Depending on what is targeted, a whole house water filter will remove a range of contaminants. Systems targeting taste and odor will remove chemicals like chlorine and sediment, whilst high efficiency systems can target the full spectrum of bacteria, sediment and pesticides.
Here’s an at-a-glance list of the contaminants an effective whole house water filter might remove:
Bacteria like E. coli and giardia
Industrial chemicals (VOCs)
Pesticides such as methoxychlor and chlordane
Will A Whole House Water Filter Soften My Water?
The majority of whole house water filters won’t soften your water – but occasionally, premium filter systems include an electronic descaling stage which will reduce the impact of hard water on your plumbing and appliances.
For true water softening, you’ll need an additional reverse osmosis water softener. These salt-based systems remove the hard minerals from your water entirely.
How Many Gallons Per Minute (GPM) Do I Need For My Family?
It’s a nightmare you don’t want to consider, installing your new whole house water filter only to notice your water pressure choked to a trickle. What’s the point of perfectly pure water, if you can’t soak it in!
The required flow rate for your family will depend on your home and the number of bathrooms you have. Whilst a single-person household or a couple with limited water requirements might get away with 3 GPM, the average family will use up to 12 GPM.
A shower can use up to 3 GPM alone, whilst flushing the toilet will use around 2 GPM. Add another 3 – 5 GPM for the washing machine and 2 – 3 GPM for the kitchen faucet, and it starts to add up.
For example, to run two showers, a dishwasher, and a washing machine, you would require a flow rate of 14 GPM. Maximizing your flow rate ensures there’s water for the whole family.
How Much Does A Whole House Water Filter Cost?
Whole house water filters can be found at a range of price points and there’s something for everyone.
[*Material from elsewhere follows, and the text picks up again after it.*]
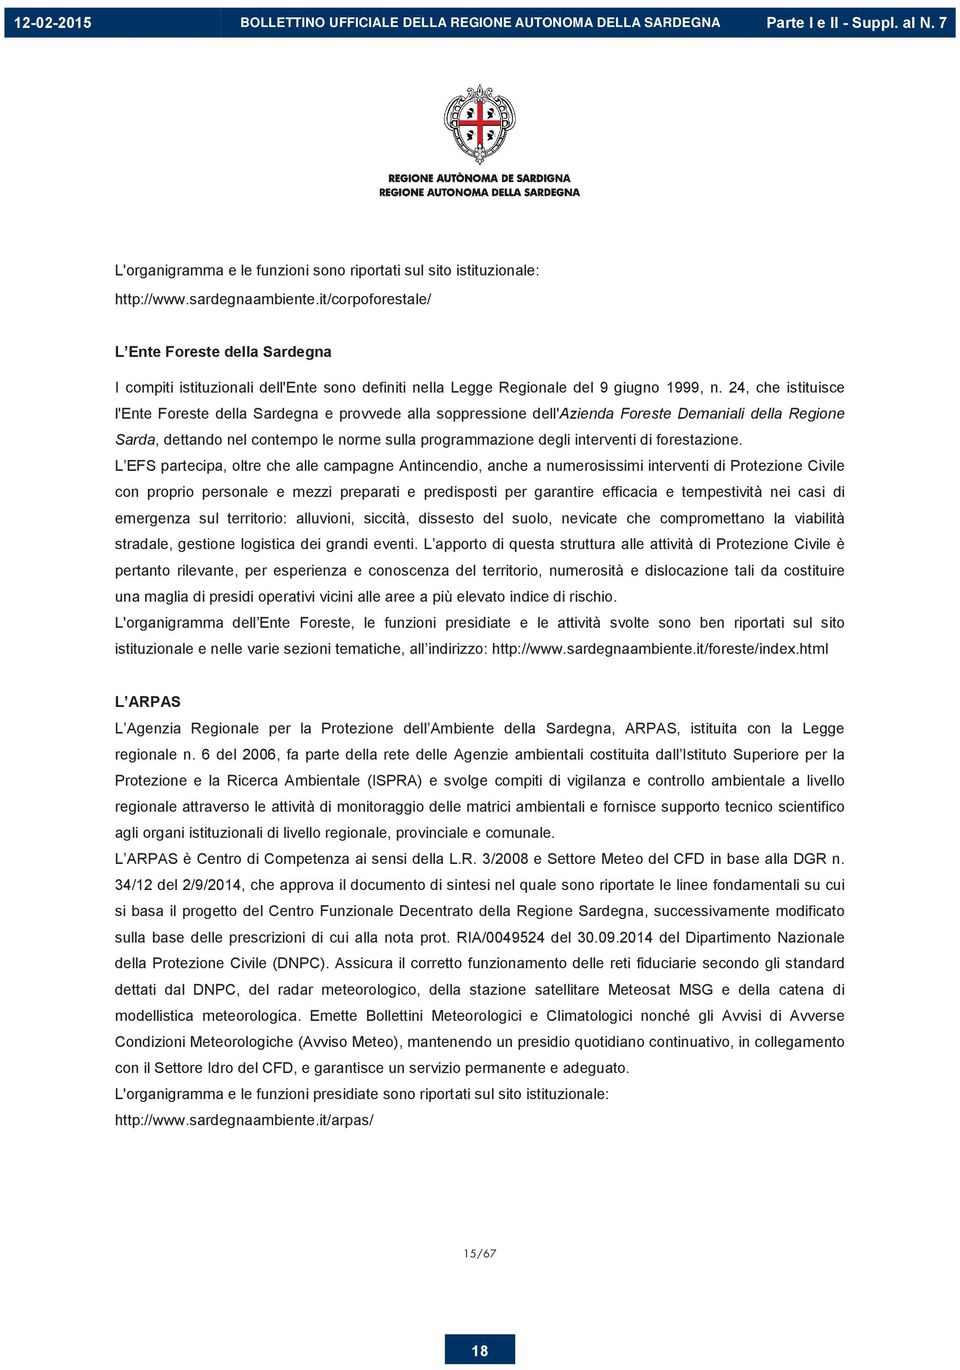 24, che istituisce l'ente Foreste della Sardegna e provvede alla soppressione dell'azienda Foreste Demaniali della Regione Sarda, dettando nel contempo le norme sulla programmazione degli interventi

But how much does a whole house water filter cost? Cheaper models offering adequate filtering for single-person households start at around $300, whilst premium brands offering maximum filtering can stretch to $1000+.
I understand that a whole house water filtration system is quite a big investment. For that reason, you should really think about what you need before you commit to one (especially if you will also have to pay for installation, as many will) but there really are options at most price points.
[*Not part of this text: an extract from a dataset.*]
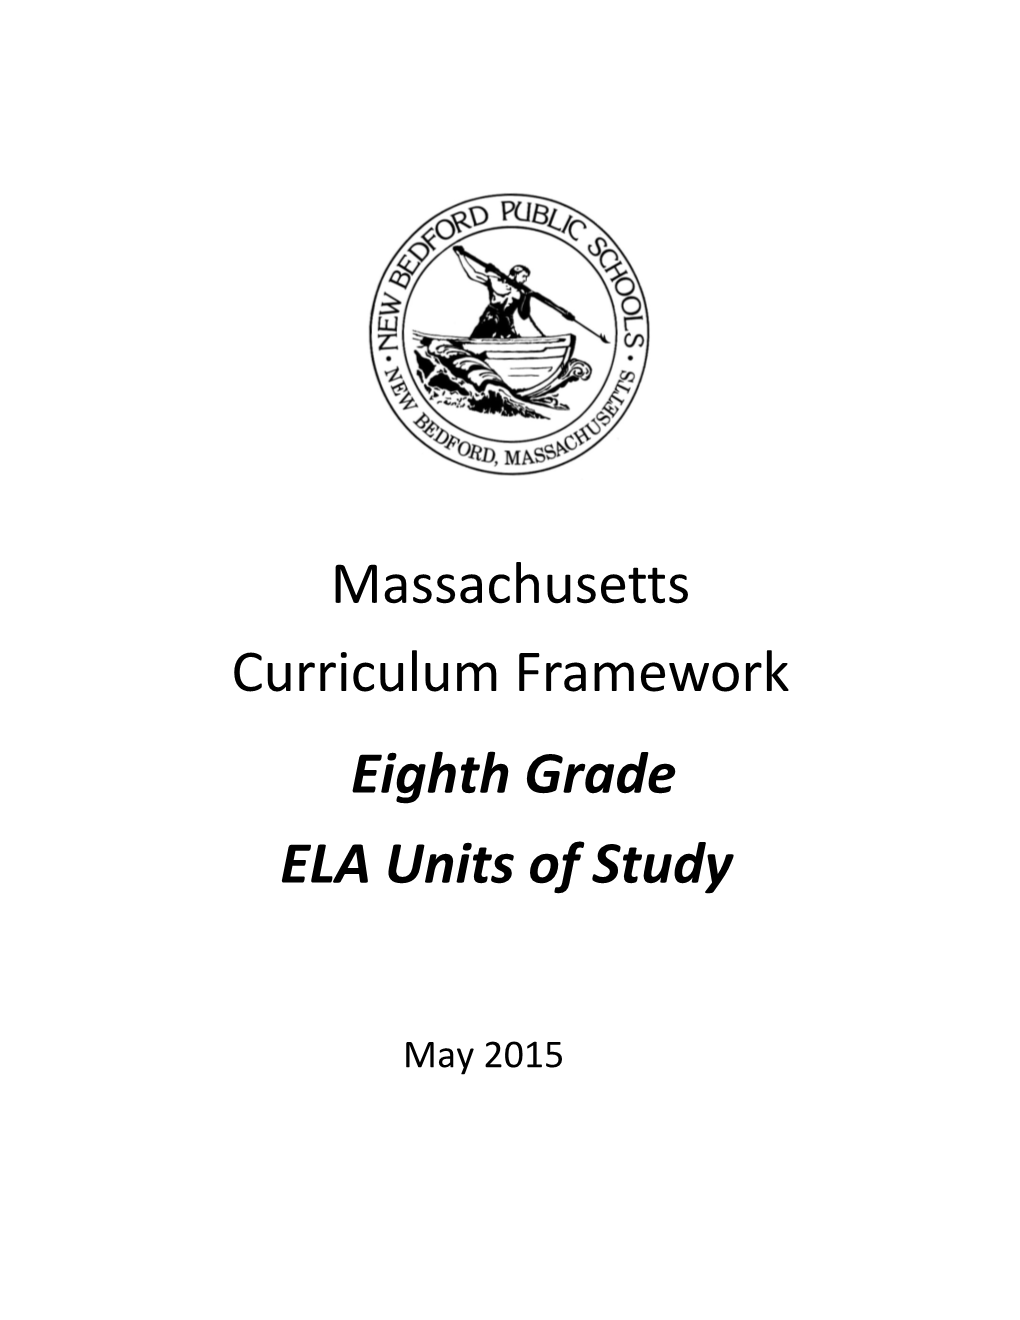 Massachusetts Curriculum Framework Eighth Grade ELA Units of Study

In terms of value, you can’t beat the 3M Aqua-Pure. It’s a great whole house system, and handles pretty much everything but heavy metals at half the price of some (admittedly slicker) competitors.
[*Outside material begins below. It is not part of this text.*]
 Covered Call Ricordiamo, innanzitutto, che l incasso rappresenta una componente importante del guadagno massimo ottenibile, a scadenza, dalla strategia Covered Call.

If you do want to deal with heavy metals from well water or an older home, I would push you towards the offering from Express Water. Again, it’s an easy-install system that does a lot at a pretty decent price.
For filters that only deal with taste and odor, you could certainly do worse than the Whirlpool which eliminates the need for regular upkeep with its self-cleaning filter and is a doddle to install if you’re even half handy.
The final option, of course, is building your own system. For that I’d use the Aquaboon Big Blue, because so many different filter cartridges fit the housing. You can really customize your system to your water if you go this direction, but you do need plumbing skills.
Whatever filter you choose, make sure it suits the make-up of your water. And remember you can add additional filters under the sink if you can’t quite afford a high efficiency POE system.